* **Try it**: Exclude images, then output the remaining data verbatim.

* **Recorded data**:
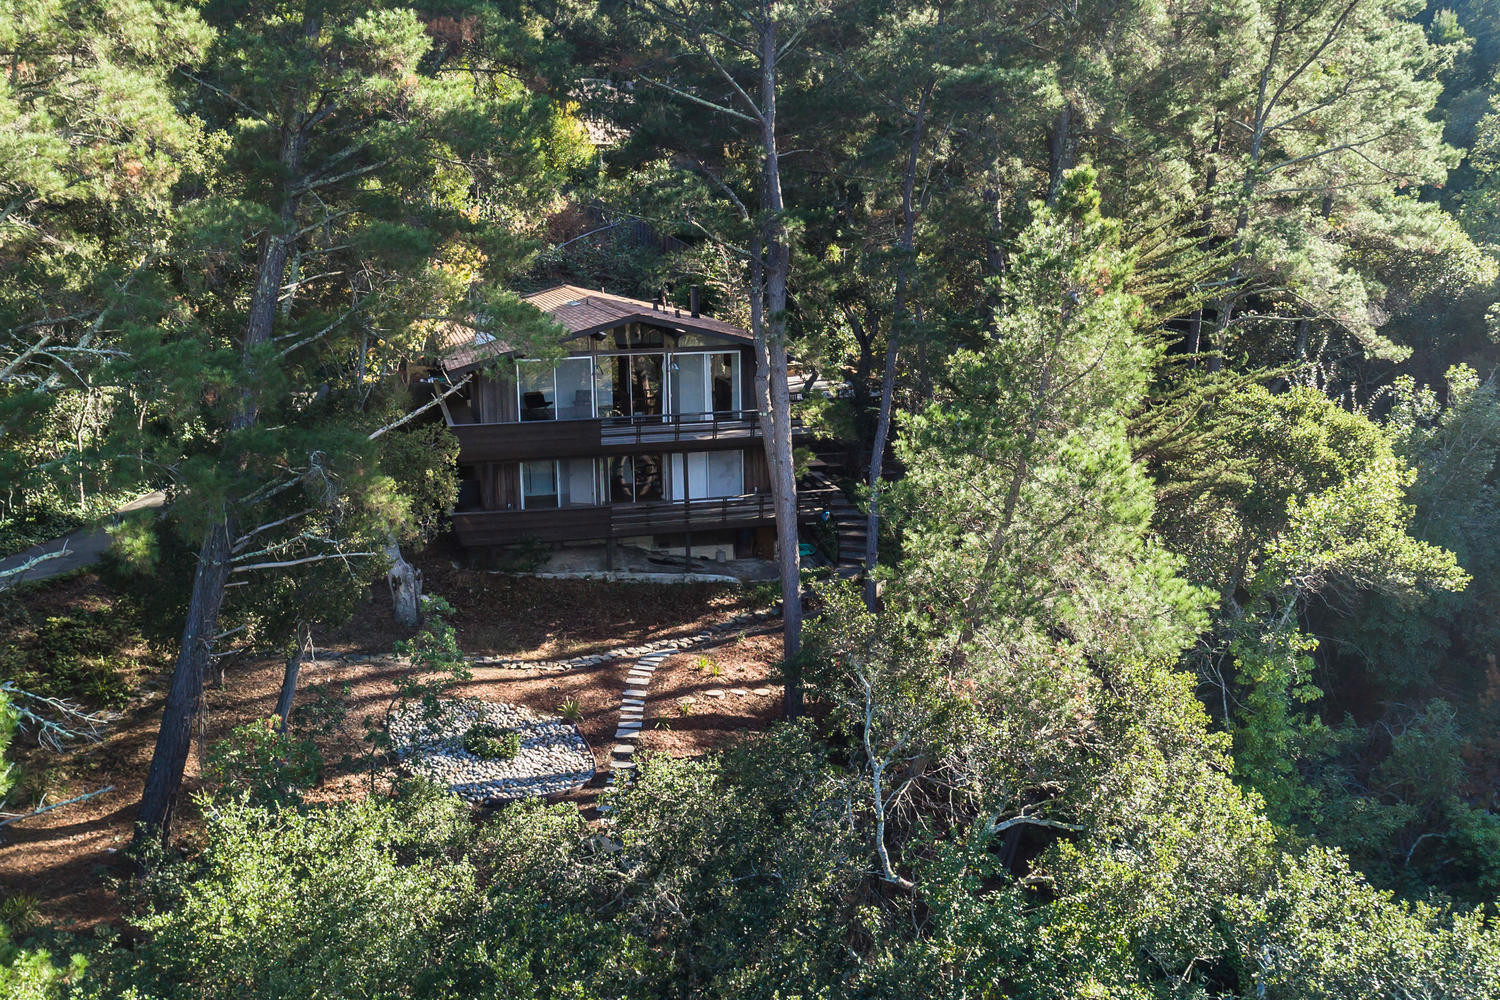 141 Glen Aulin Home nestled among the trees in Burlingame Hills Neighborhood in Burlingame.
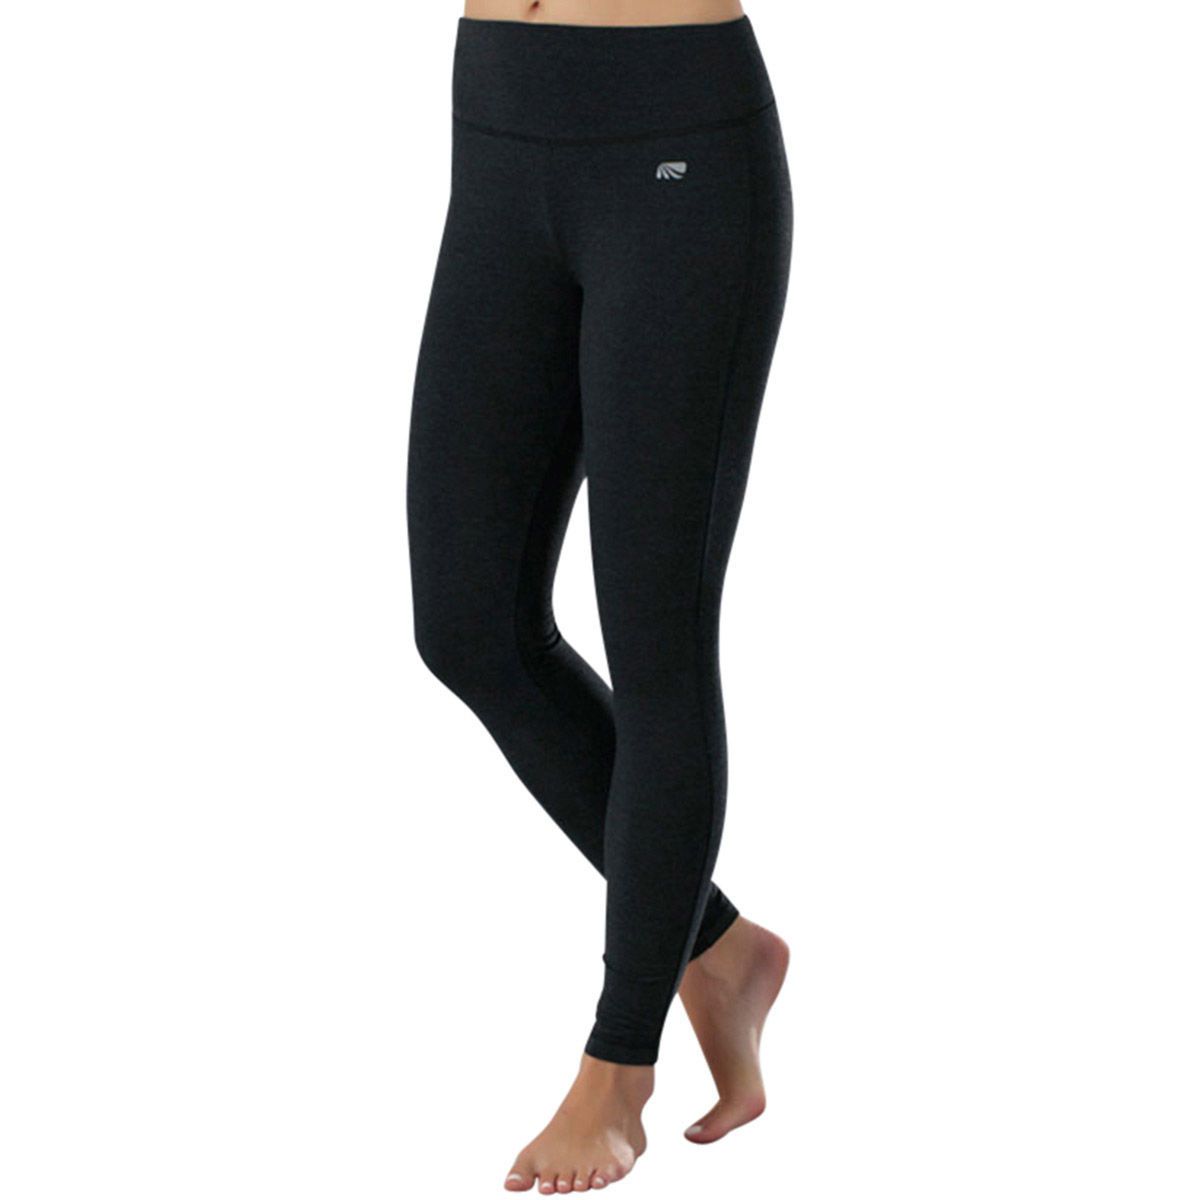 MARIKA / HEALTH & FITNESS Bally Total Fitness KAYLA - Leggings - Women's -  black abstract - Private Sport Shop
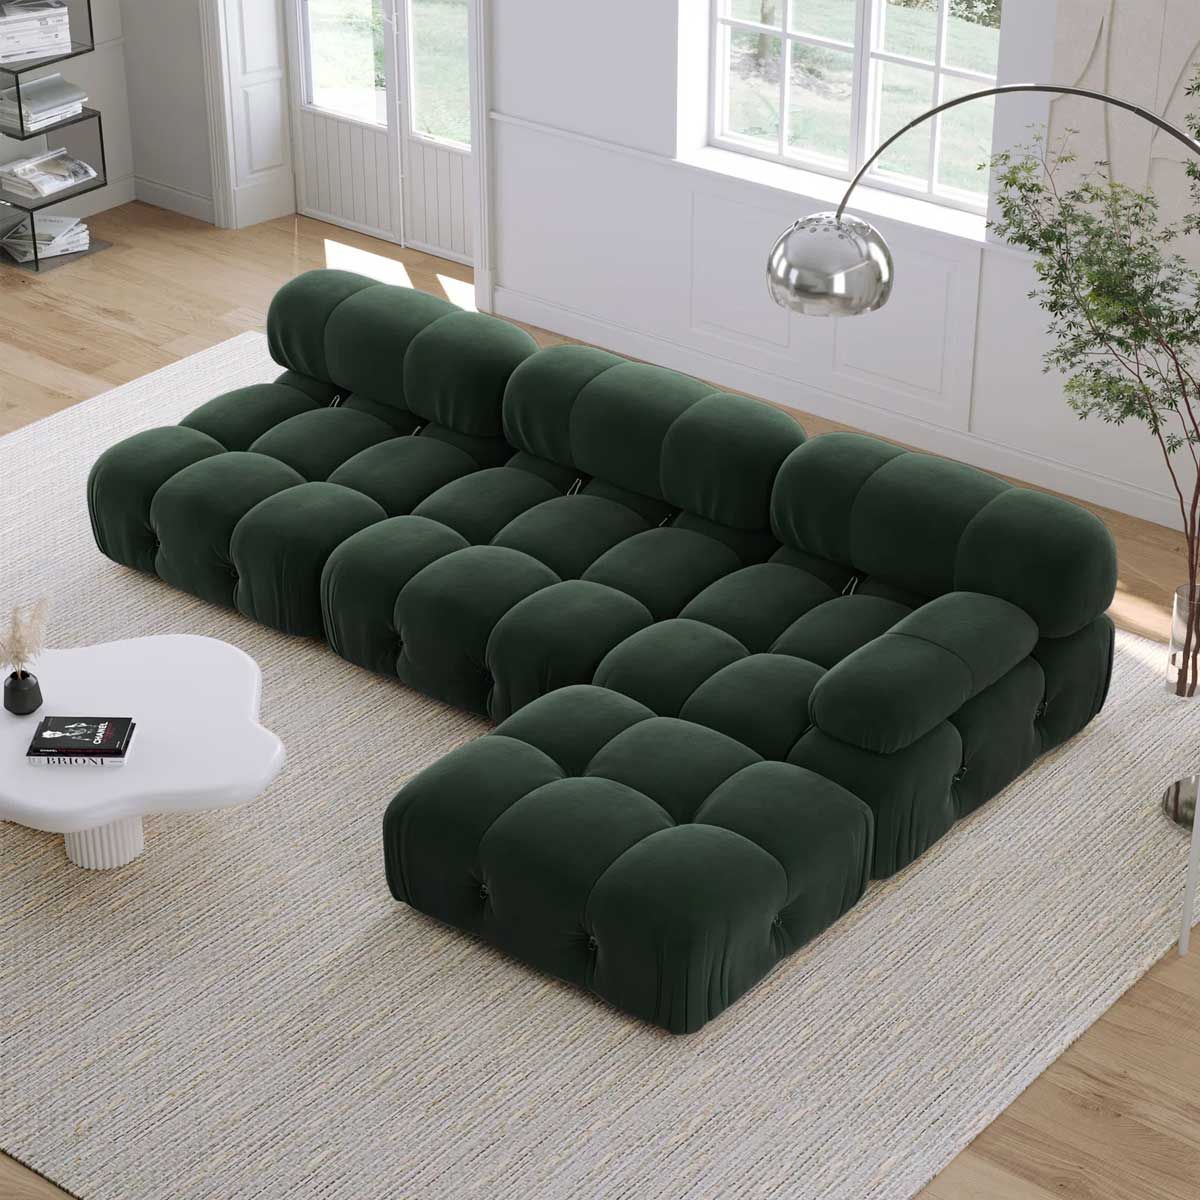 Delsea Modular Sectional Sofa In Green Velvet From Aed 4849 | Atoz Furniture Inside Green Velvet Modular Sectionals (Photo 11 of 15)

* **Solution for this task**:
 141 Glen Aulin Home nestled among the trees in Burlingame Hills Neighborhood in Burlingame.
 MARIKA / HEALTH & FITNESS Bally Total Fitness KAYLA - Leggings - Women's -  black abstract - Private Sport Shop
 Delsea Modular Sectional Sofa In Green Velvet From Aed 4849 | Atoz Furniture Inside Green Velvet Modular Sectionals (Photo 11 of 15)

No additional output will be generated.